4. Worked Examples Using the Column Merge App

Follow along with these worked examples to gain an idea of how the Column Merge App can help you combine data from across the processor's outputs.

Example 1: Find all the IIIF manifest URIs for manuscripts containing musical notation.

Suppose you are interested in performing a digital analysis of a large corpus of musical manuscripts, and you therefore need to find those manuscripts with IIIF manifest URIs which also contain musical notation. This is not immediately possible with the default output data, since the IIIF manifest URIs are contained in 01_records, while the details of musical notation are predominantly included in 06_music. To combine the two sets of information, we can follow the steps below:

  1. With the Column Merge app running (see the steps in the preceding section), navigate to http://127.0.0.1:5000/ in your web browser.
  2. Click/tap on Select files and navigate to the tabular_data/output/collection/csv directory, where the CSV output files for the collection are stored.
  3. Select 01_records.csv and 06_music.csv, the two files we want to merge.
  4. Click/tap Continue, and wait for the files to process.
  5. On the next page (Select Columns to Merge), we need to select the columns that we want to retain from each CSV file. The Merge Key (the column used to combine the files) can stay as metadata: part ID, since this will correctly align the files based on their shared identifiers. In the left-hand column (01_records.csv), tick the box labelled surrogates: full iiif manifest to tell the app that you want to retain this column.
  6. In the right-hand column, select the columns from overview: music through to dimensions: unit, to retain information that might be useful for a digital study of musical notation.
  7. Click/tap Continue.
  8. On the next page (Select Required Values), we need to select the columns for which data must appear in a given row in order for that row to be included. Given that we’re only interested in manuscripts with a IIIF manifest file, tick surrogates: full iiif manifest in the left-hand column.
  9. Also select overview: music in the right-hand column, to select only those manuscripts for which details of musical notation have been included in the catalogue.
  10. Click/tap Merge.
  11. On the next page (Merged Data Preview), you will see a preview of the merged table, with the merge key (in this case, the manuscript part ID) in the first column, followed by the IIIF manifests and then details of the musical notation.
  12. To download the data in either CSV or JSON format, click/tap on the appropriate button at the top of the page.

Example 2: Find available WikiData references for people referenced as authors.
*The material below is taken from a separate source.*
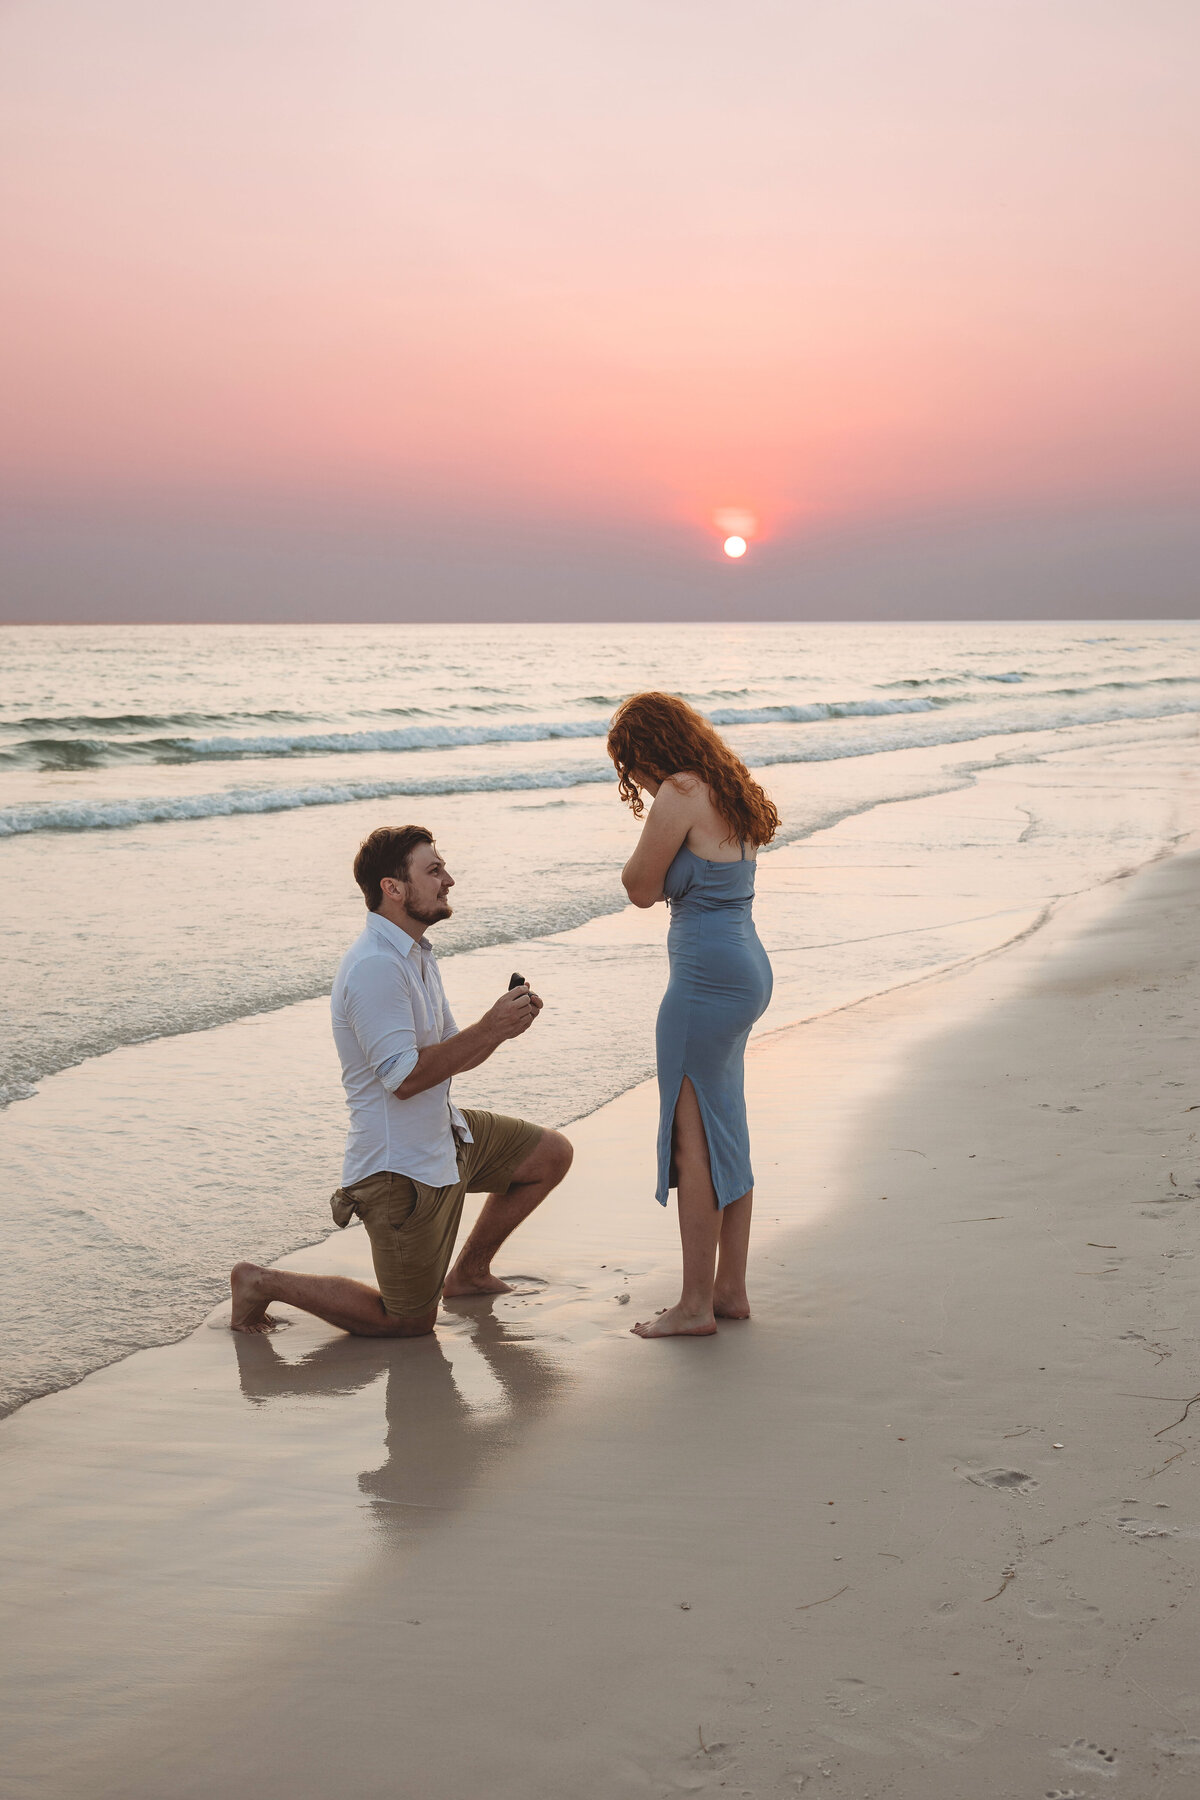 Man kneels down on  the beach at sunset holding a ring box. Redheaded girl in blue dress covers her mouth in surprise.

Suppose now that you are interested in connecting the data found in the MMOL catalogue about authors to other sources of linked open data, such as Wikidata, and therefore want to know their Wikidata references. This is not immediately possible with the default output data, since details of authors are predominantly included in 05_contents, while Wikidata references are stored in the persons section of the authority output. To combine the two sets of information, we can follow the steps below:

  1. With the Column Merge app running (see the steps above), navigate to http://127.0.0.1:5000/ in your web browser.
  2. Click/tap on Select files and navigate to the tabular_data/output/collection/csv directory, where the CSV output files for the collection are stored.
  3. Select 05_contents.csv, the first of the two files that we want to merge.
  4. Click/tap on Select files again, and navigate to the tabular_data/output/authority/csv directory, where the CSV output files for the authority data are stored.
  5. Select persons.csv, the second of the two files that we want to merge.
  6. Click/tap Continue, and wait for the files to process. 05_contents.csv is a large file, so this may take some time.
  7. On the next page (Select Columns to Merge), we need to select the columns that we want to retain from each CSV file. We want to combine the tables based on the identifiers associated with the authors, so change the Merge Key value for 05_contents.csv to author: ID(s), and change the value for persons.csv to identifiers: ID.
  8. In the left-hand column, select author: standard name(s), to include the author’s name.
  9. In the right-hand column, select identifiers: URI (Wikidata) which is the Wikidata reference we want to associate with each author.
  10. Click/tap Continue.
  11. On the next page (Select Required Values), we need to select the columns for which data must appear in a given row in order for that row to be included. This time, we can tick Select all columns and Exclude duplicates, since we only want entries containing all three values, and there is no value in this case of retaining duplicate rows.
  12. Click/tap Merge.
  13. On the next page (Merged Data Preview), you will see a preview of the merged table, with the merge key (in this case, the person identifier) in the first column, followed by the text associated with a given author, their name, and their Wikidata reference.
  14. To download the data in either CSV or JSON format, click/tap on the appropriate button at the top of the page.